One problem with adapting M-SPACE for specific settings is the legalities involved. It's one thing if somebody posts something like an M-SPACE Phaser table or some such, but something else entirely to do an official M-SPACE STAR TREK supplement.

Yeah.

If there's an existing RPG for the setting, then a commercial offering is pretty much off the table (though a numbers-filed-off version might be viable).  

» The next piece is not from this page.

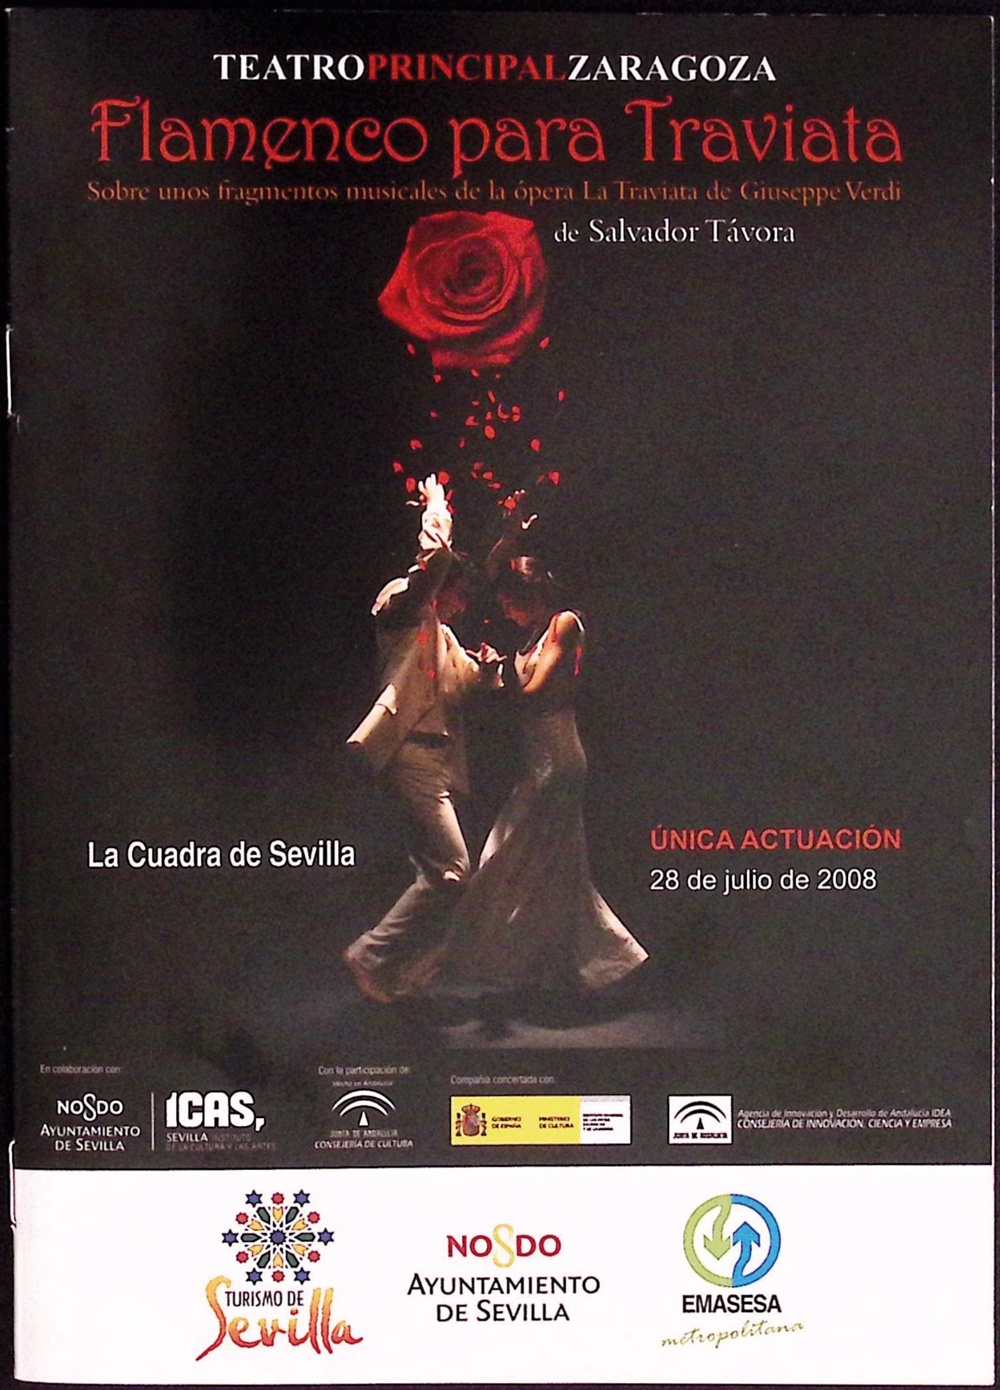 Flamenco para Traviata de Salvador Távora. Sobre unos fragmentos musicales de la ópera La Traviata de Giuseppe Verdi. La Cuadra de Sevilla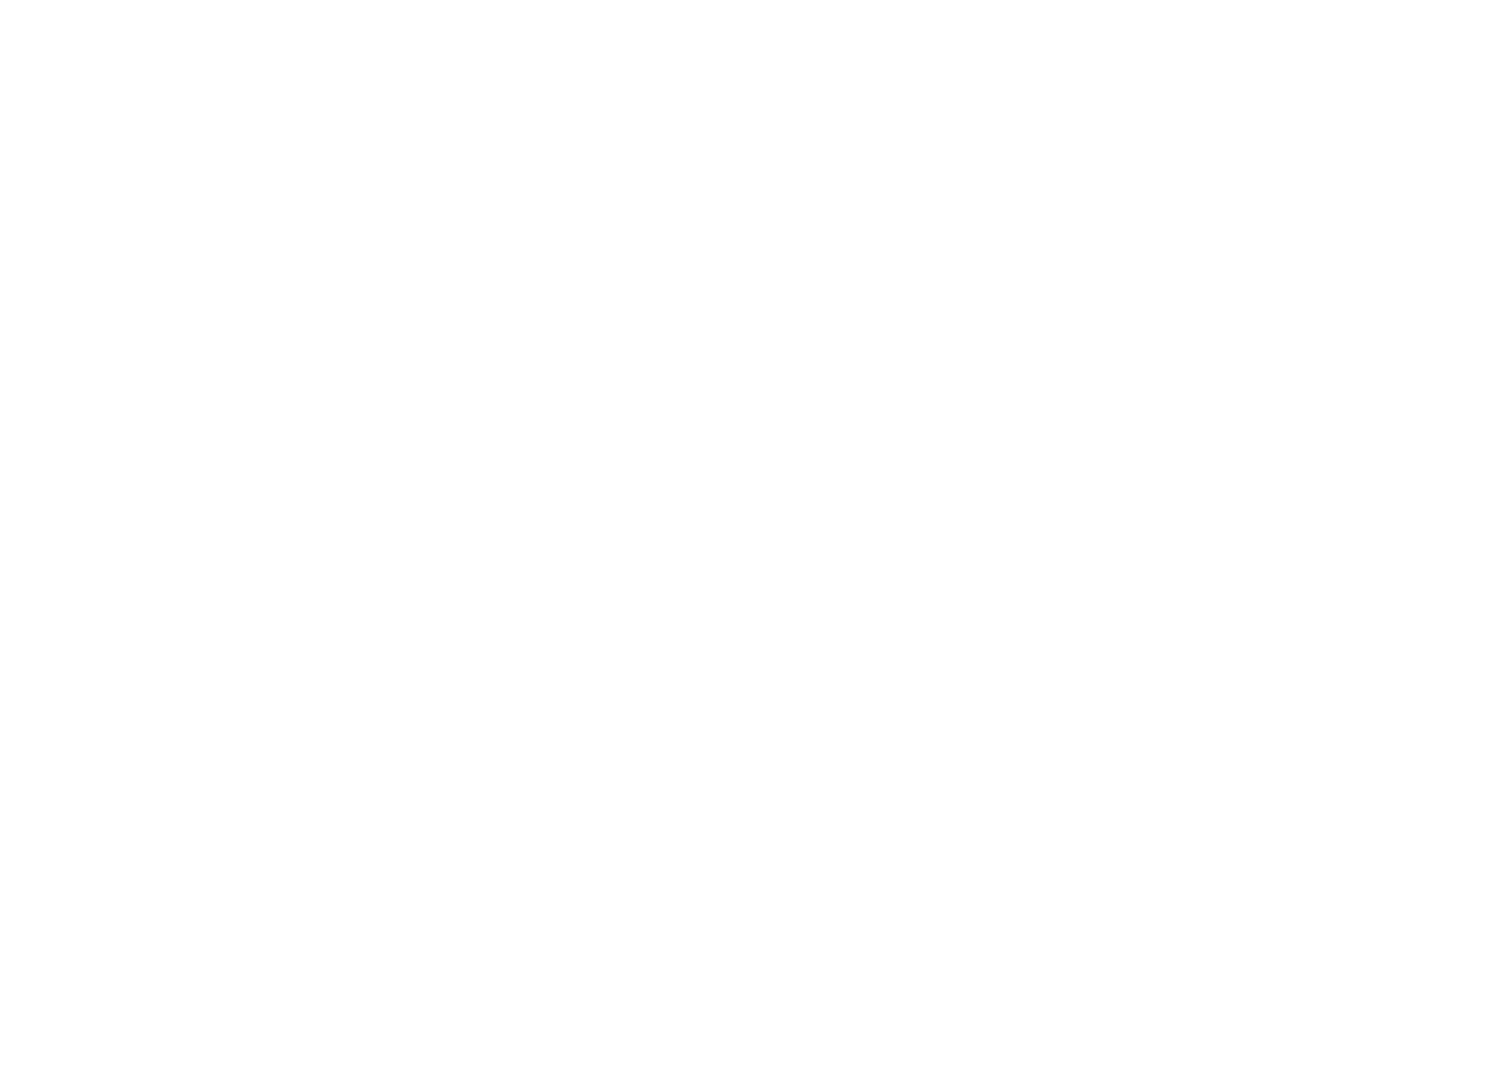 Ashley von Schulman Photography

Modiphius obviously has this for StarTrek, and so M-SPACE won't (barring some unexpected (and frankly unlikely!) cross-licensing deal).  But the gaming-marketplace is marginal enough that I, personally, am not willing to infringe in ways that could reduce the incomes of the actual content-creators.  Personally, I wouldn't support (or even be happy to see) a "Star Trek with the Numbers Filed Off" RPG, because of the way it would hurt Modiphius and their authors/freelancers/etc.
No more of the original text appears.